Le premier chef d’orchestre, — il y en a trois, — ne dirige pas seulement l’exécution des ouvrages pour en faire observer la mesure ; il est aussi chargé d’en régler et d’en maintenir les mouvemens et doit compter ici avec le caprice ou les facultés des chanteurs. Ces mouvemens changent avec les années ; leur altération, depuis Duprez, fait l’objet d’un chapitre très amer des Mémoires de Deldevez, l’un des prédécesseurs du chef actuel. L’artiste, en général, admet qu’il doit suivre l’orchestre dans les ensembles, mais prétend que l’orchestre le suive lorsqu’il chante seul, même si sa voix défaillante l’oblige à ralentir contre tout bon sens.

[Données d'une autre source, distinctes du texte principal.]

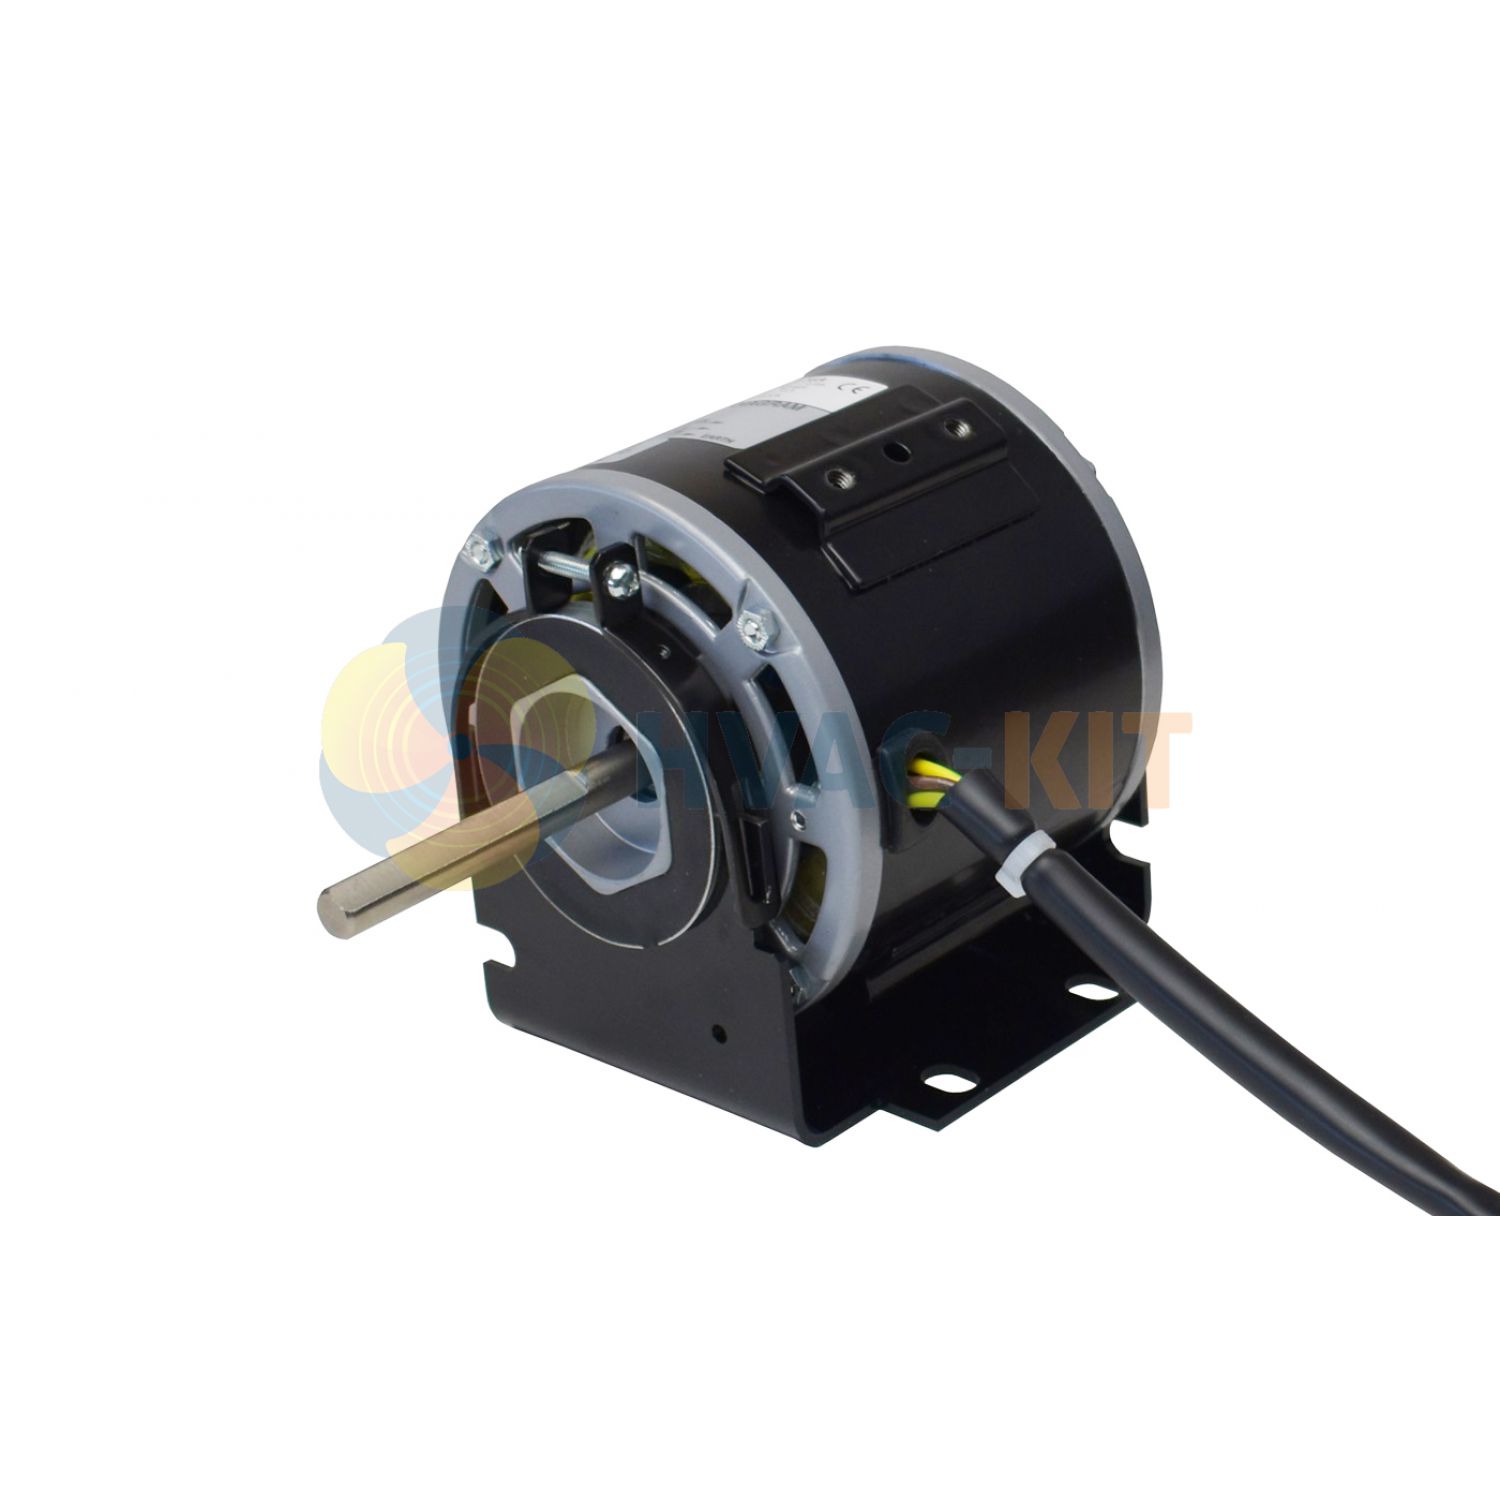 41-4-35A-RB_4 Resilient Base Mount Motor

Les défaillances de mémoire sont plus faciles à masquer ; le souffleur est là pour y porter remède. Il fait à l’acteur l’effet d’une rampe dans un escalier ; on ne s’en sert pas toujours, mais, s’il n’y en avait point, on aurait aisément le vertige. Tel comédien se sentit un jour paralysé jusqu’à en oublier sa réplique, qu’il savait à merveille, parce qu’ayant jeté les yeux sur le souffleur, il le vit endormi dans son trou. Un pareil abandon est fort rare, de la part de cet utile auxiliaire. « Souffler n’est pas jouer, » dit le proverbe ; l’œil aux aguets dans sa niche, le souffleur, qui presque toujours a joué lui-même, connaît le tempérament de chaque personnage. Il évite de rien suggérer, de « bourrer » inutilement celui qui fait une pause volontaire, souligne au crayon rouge les passages où son aide est souvent sollicitée, et devine, à la seule inspection du regard, l’artiste qui a besoin de « prendre le mot. »


Vte G. d’AVENEL.

  1. Voyez la Revue du 15 juin.
  2. Voyez, dans la Revue du 1er février, la Publicité.